**Goal of the exercise**. Starting at the line that contains "структурная схема гелиосистемы", return every line through the end of the data exactly, without pictures.
==== Dataset extract
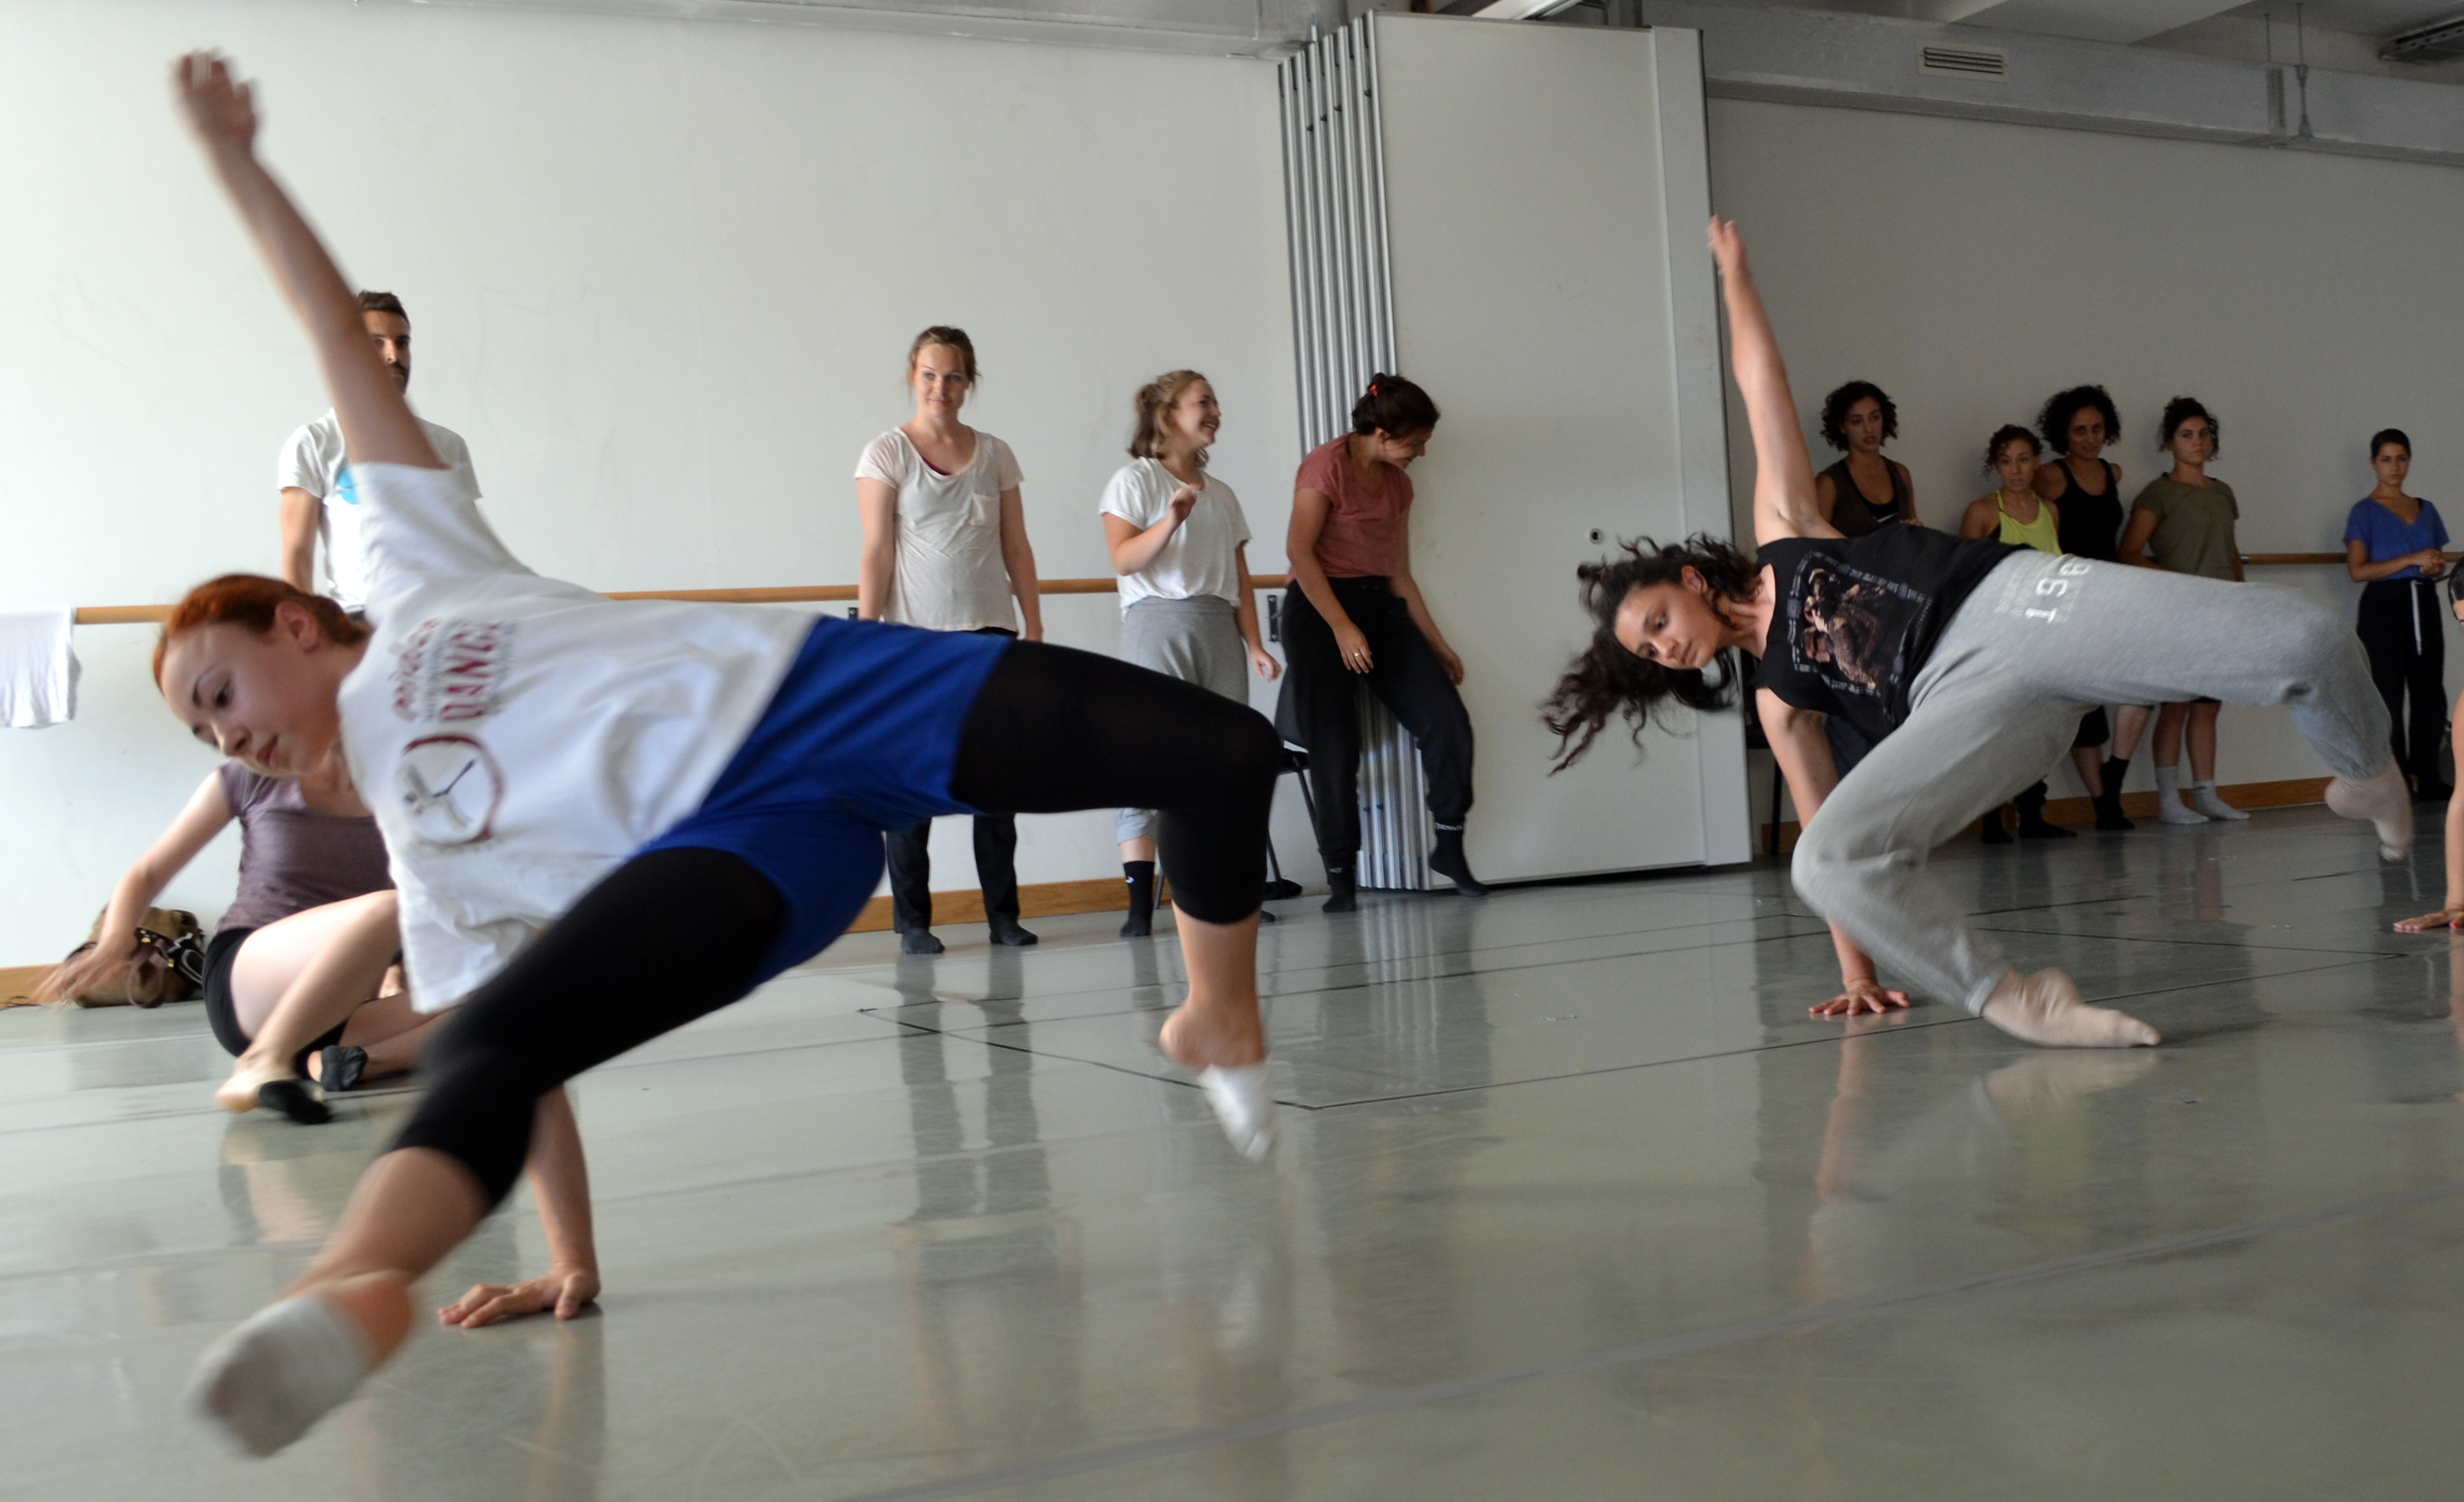 Dancers at the ŻfinMalta Masterclass last Saturday.
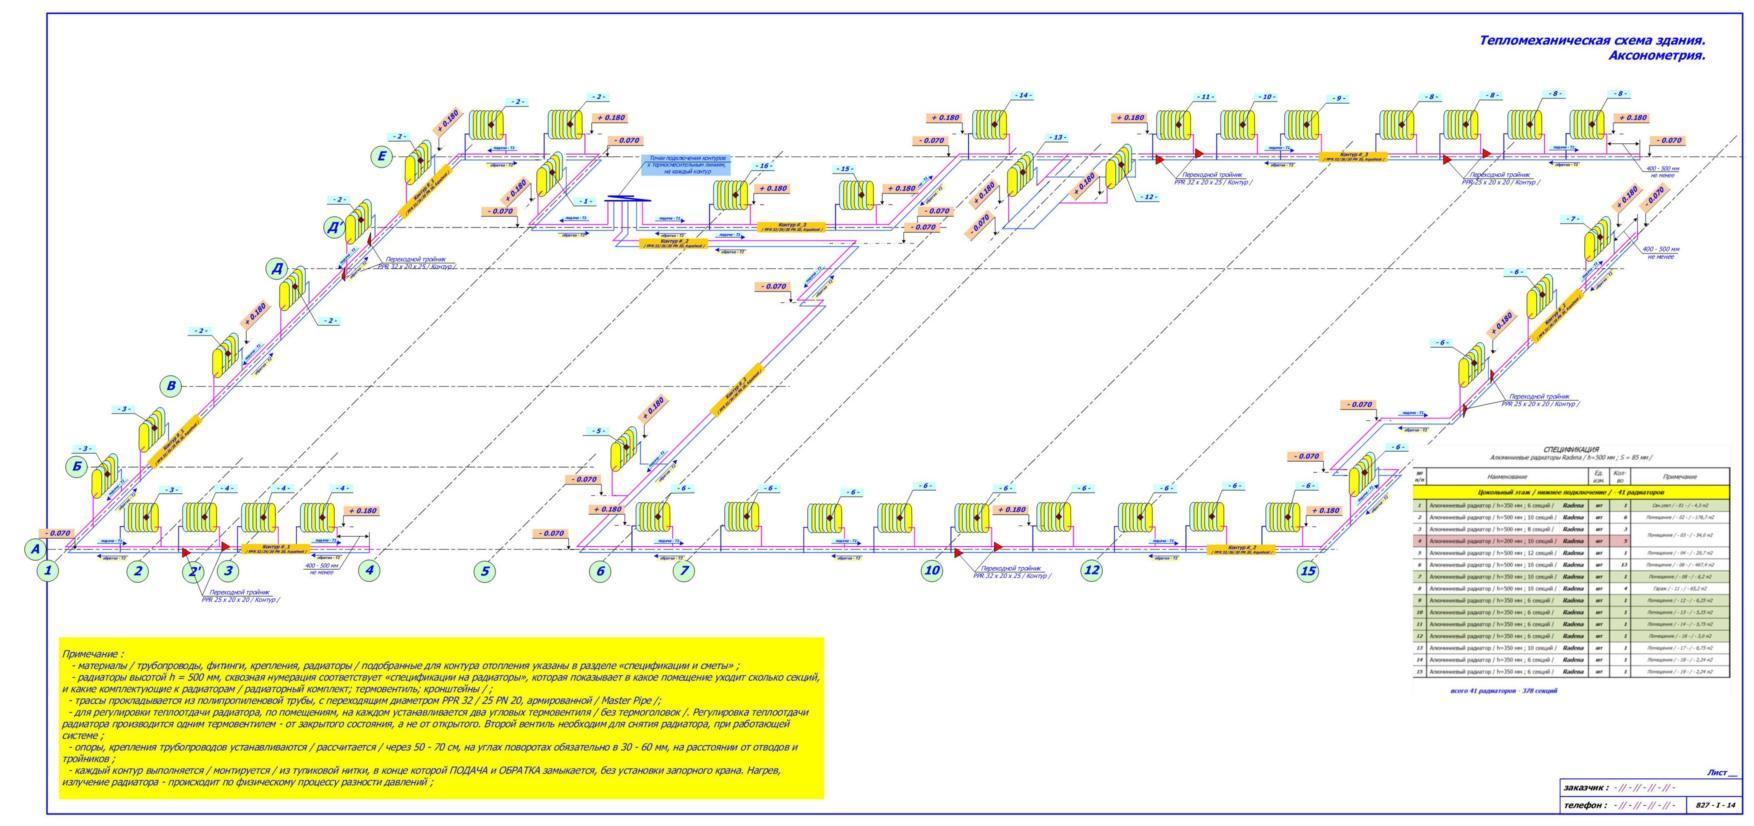 структурная схема гелиосистемы
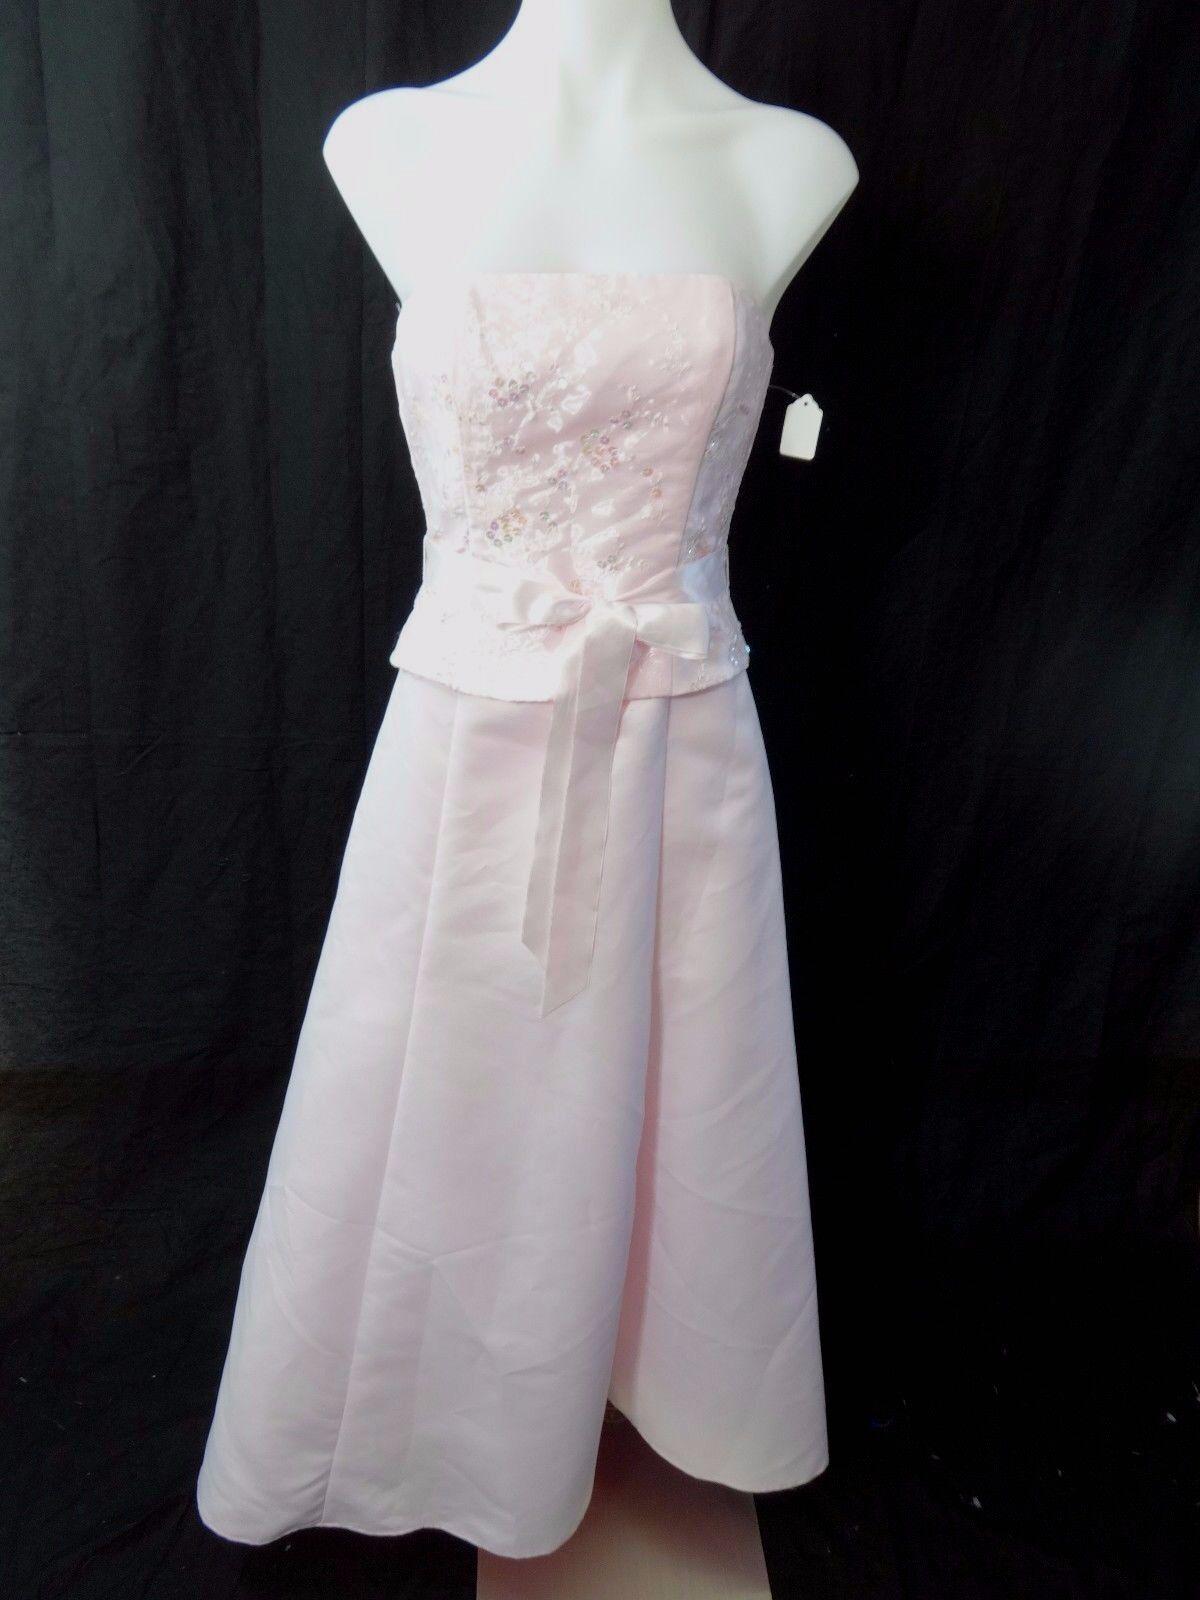 details zu jessica mcclintock gunne sax damen rosa satin perlen festliches  kleid größe 3/4
========
**Output below**.
 структурная схема гелиосистемы
 details zu jessica mcclintock gunne sax damen rosa satin perlen festliches  kleid größe 3/4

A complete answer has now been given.